Information shown: Begin

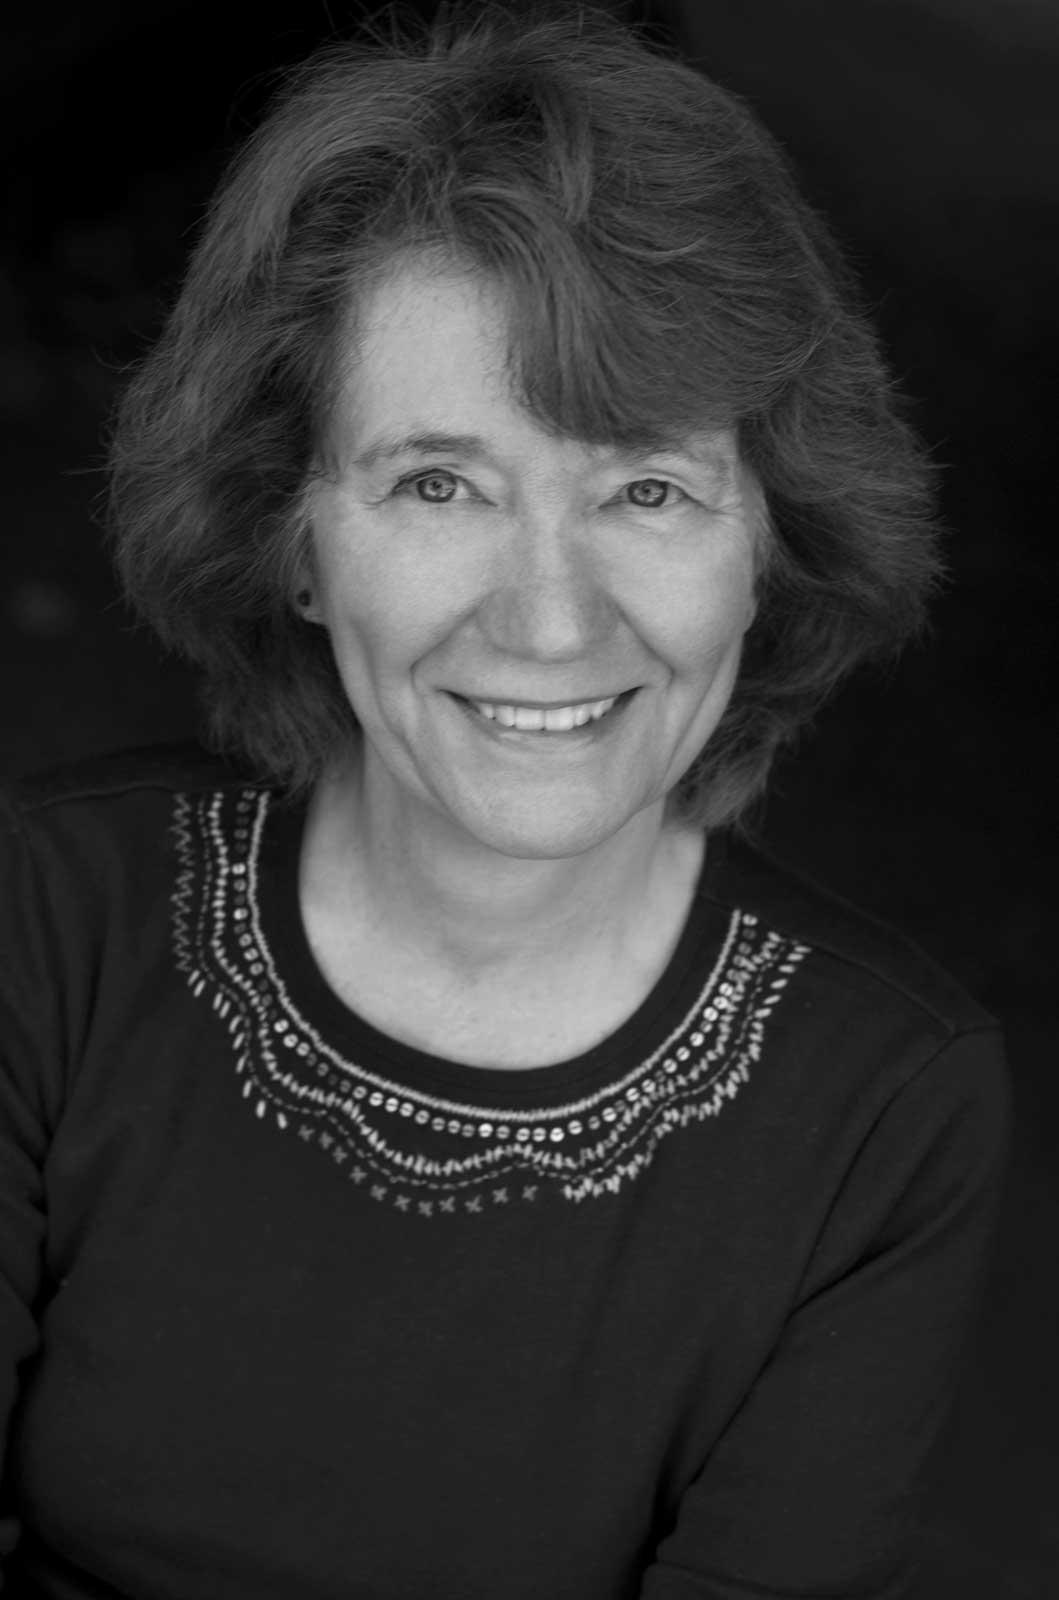 Elaine Aron participa en el Congreso sobre Alta Sensibilidad
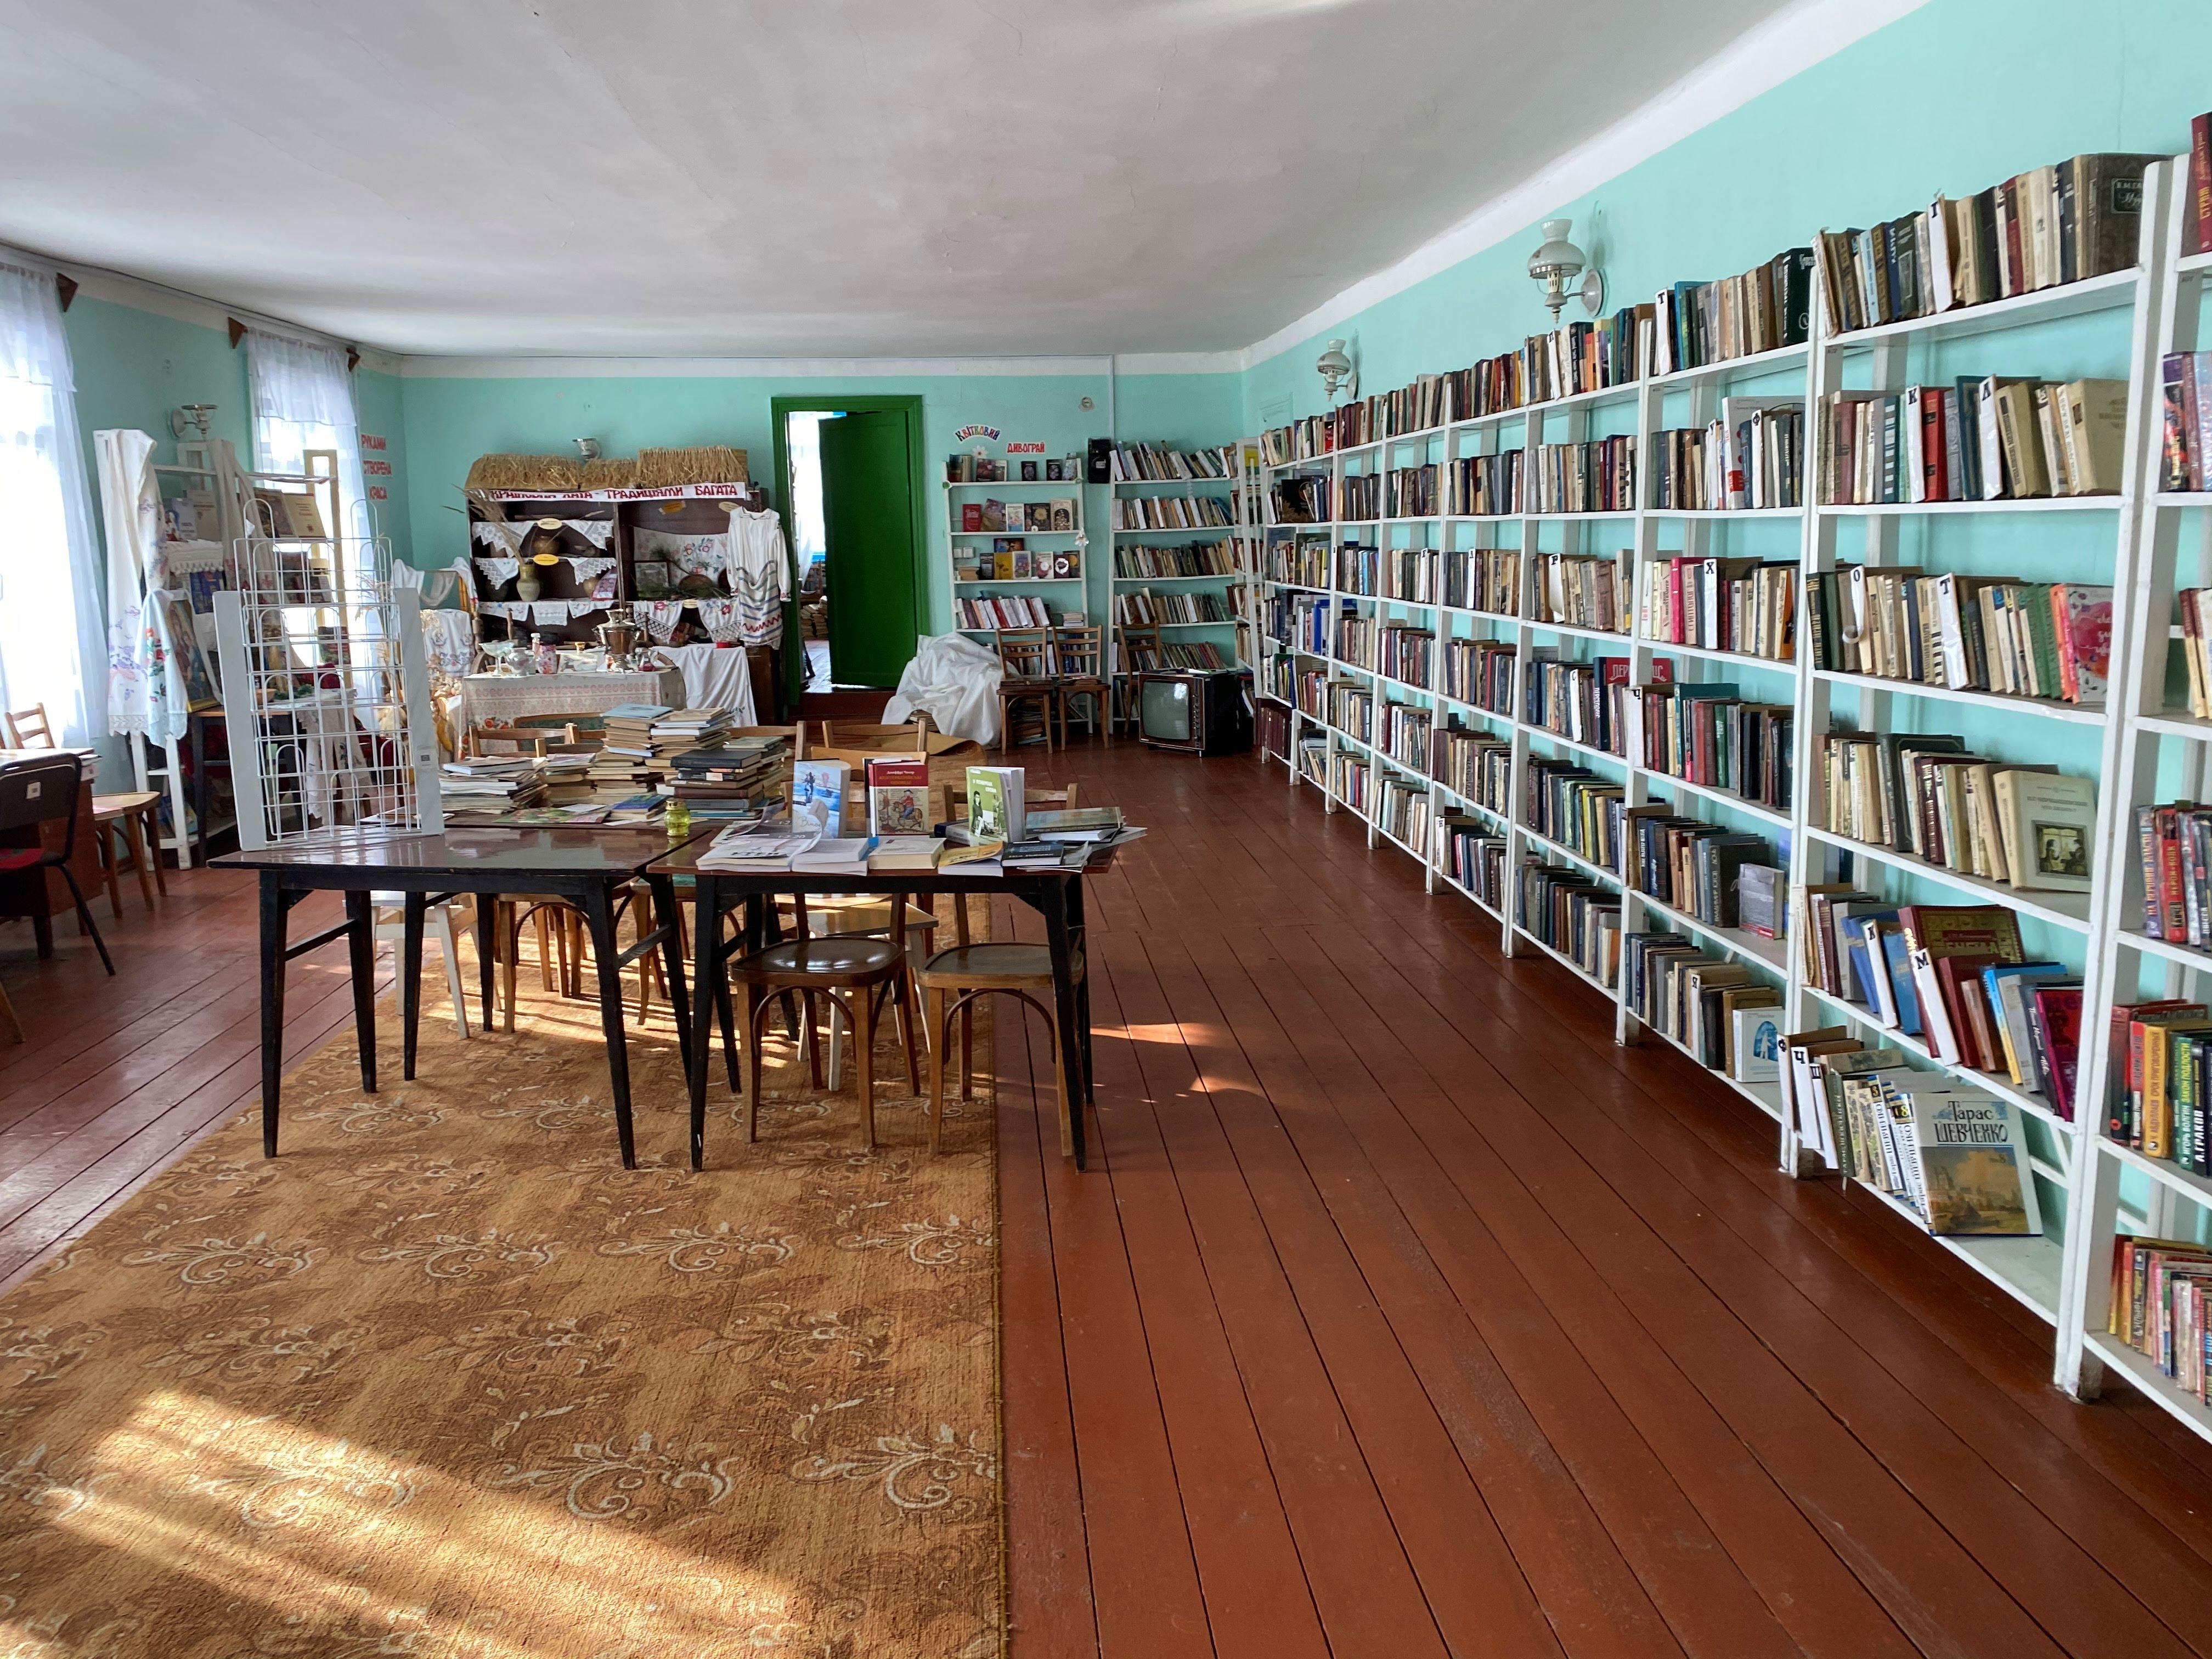 Бібліотека-філія села Червона Кам'янка Попельнастівської сільської ради
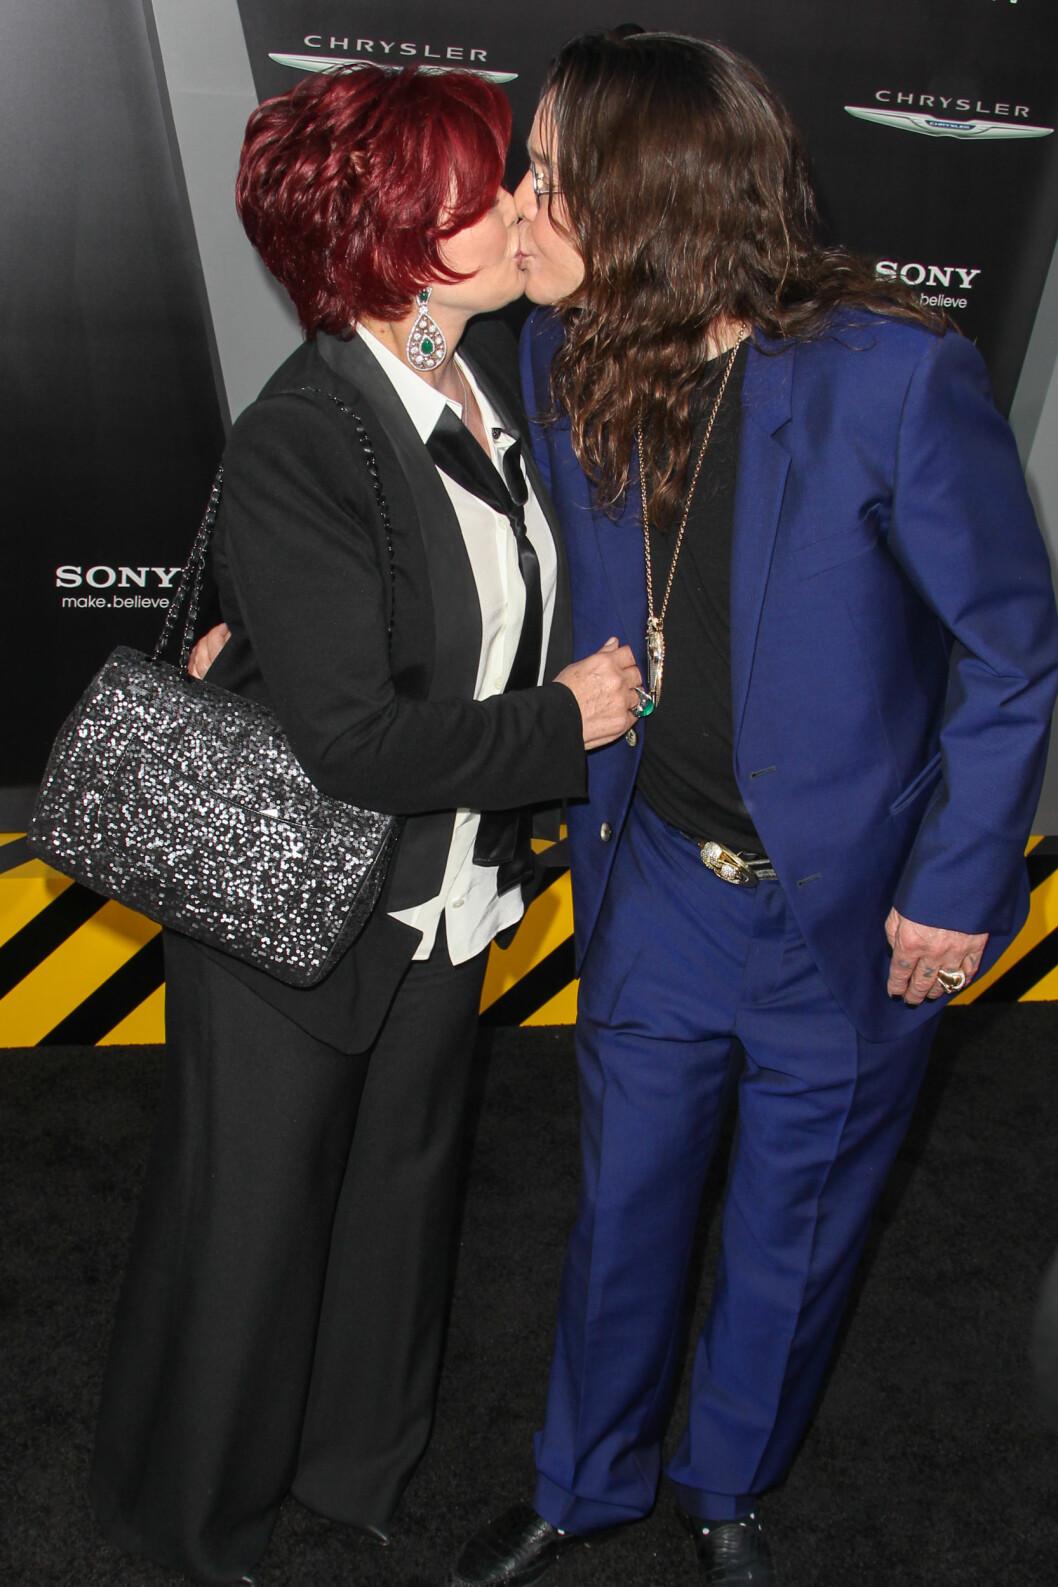 <strong>FORTSATT GIFT:</strong> Sharon og Ozzy Osbourne har klart seg igjennom utroskap, sykdom og rusproblemer. På «Total Recall»-premieren i Hollywood i 2012 klinte det britiske stjerneparet til foran fotografene.  Foto: © Â RD / Hebert /Retna Ltd./Corbis

Information shown: End

> What the exercise asks: The material should be duplicated word for word, with no images included.

> Written response:
 Elaine Aron participa en el Congreso sobre Alta Sensibilidad
 Бібліотека-філія села Червона Кам'янка Попельнастівської сільської ради
 <strong>FORTSATT GIFT:</strong> Sharon og Ozzy Osbourne har klart seg igjennom utroskap, sykdom og rusproblemer. På «Total Recall»-premieren i Hollywood i 2012 klinte det britiske stjerneparet til foran fotografene.  Foto: © Â RD / Hebert /Retna Ltd./Corbis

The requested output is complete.